Ничего не хочу менять,и пускай мне печали пророчаткруговороты дня,круговороты ночи.Много сил я растратил зря,и судьба получилась не оченьв круговоротах дня,в круговоротах ночи.Я спешу, ночь торопит меня.Каждый новый мой круг всё корочев круговороте дня,в круговороте ночи.

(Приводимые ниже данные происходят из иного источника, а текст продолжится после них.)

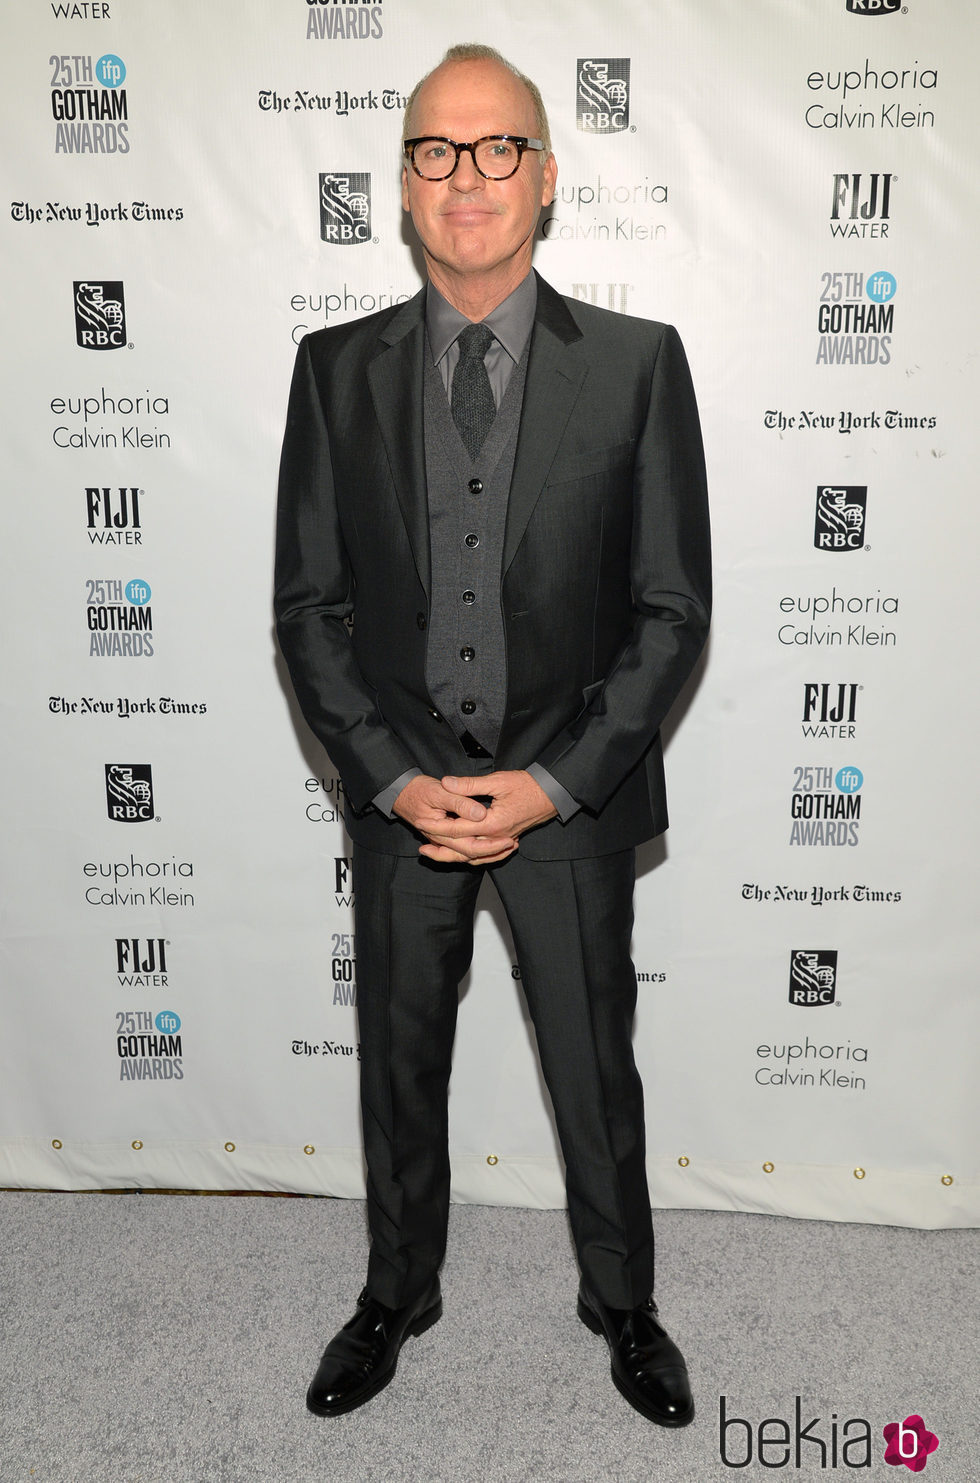 Michael Keaton en los Premios Gotham 2015

В начале девяностых, испытывая глубокое разочарование и внутренний конфликт (мы все несём в себе зародыши болезней нашего века), я эмигрировал из Союза в надежде найти не гарантированное благополучие, а здоровую и правильную жизнь. Естественно, ничего подобного я не нашёл. Запад с его голым прагматизмом заставил меня искать хоть какие-либо крохи здорового идеализма и активного гуманизма, без которых, по моему мнению, общество нормально существовать не может. Я много читал, в основном экзистенциалистов и религиозных мыслителей: Сёрена Кьеркегора, Рене Генона, Льва Шестова, Мартина Бубера. Постепенно я сформировал для себя новое мировоззрение (назвать своё робкое духовное притязание верой я не решаюсь). До этого романа, если не считать нескольких коротких рассказов, прозы я не писал. Моим самым длинным прозаическим произведением было семнадцатистраничное объяснение в любви, которое я написал в ранней юности. (Ну должен же я был как-то объяснить самому себе, что же это такое необыкновенное я в ней увидел.) И когда я закончил писать своё признание, я это понял. Примерно так же родился и этот роман. Попутно появился замысел ещё трёх, над которыми я сейчас работаю. Работа продвигается медленно, поскольку на жизнь я зарабатываю вовсе не литературным трудом. Но об этом я расскажу в своём последнем, ещё не законченном романе о себе любимом.

Пролог

И взял Фарра Аврама, сына своего, и Лота, сына Аранова, внука своего, и Сару, невестку свою, жену Аврама, сына своего, и вышел с ними из Ура Халдейского, чтобы идти в землю Ханаанскую; но, дойдя до Харрана, они остановились там.

(Быт. 11:31)

И были ведомы Фарре учения племён древних, о которых нам неведомо, и были у них мудрецы, о которых мы не слыхали, и было у них знание, которое до нас не дошло, ибо начальный язык люди забыли, а в смешанных языках не осталось даже корней от начального, как не осталось даже камня от фундамента башни Вавилонской. Фарра же проповедовал в земле халдейской, но понять его халдеи не могли и слушать его не хотели, ибо была их земля плодородна, каналами орошаема, мастера их были умелы, дома просторны, стада тучны, а слуги многочисленны, и были они сильнее врагов своих. Жрецы их были алчны, а цари жестокосердечны, и как ни старался Фарра поведать им о воле Всевышней и о судьбе цивилизаций, до них бывших, никто не внимал его голосу. И был он изгнан с позором из Ура халдейского, и никто даже не покосился вслед его небольшого каравана, ибо было наказано народу: речам Фарры не внимать, при встречах не узнавать и в лицо ему не смотреть.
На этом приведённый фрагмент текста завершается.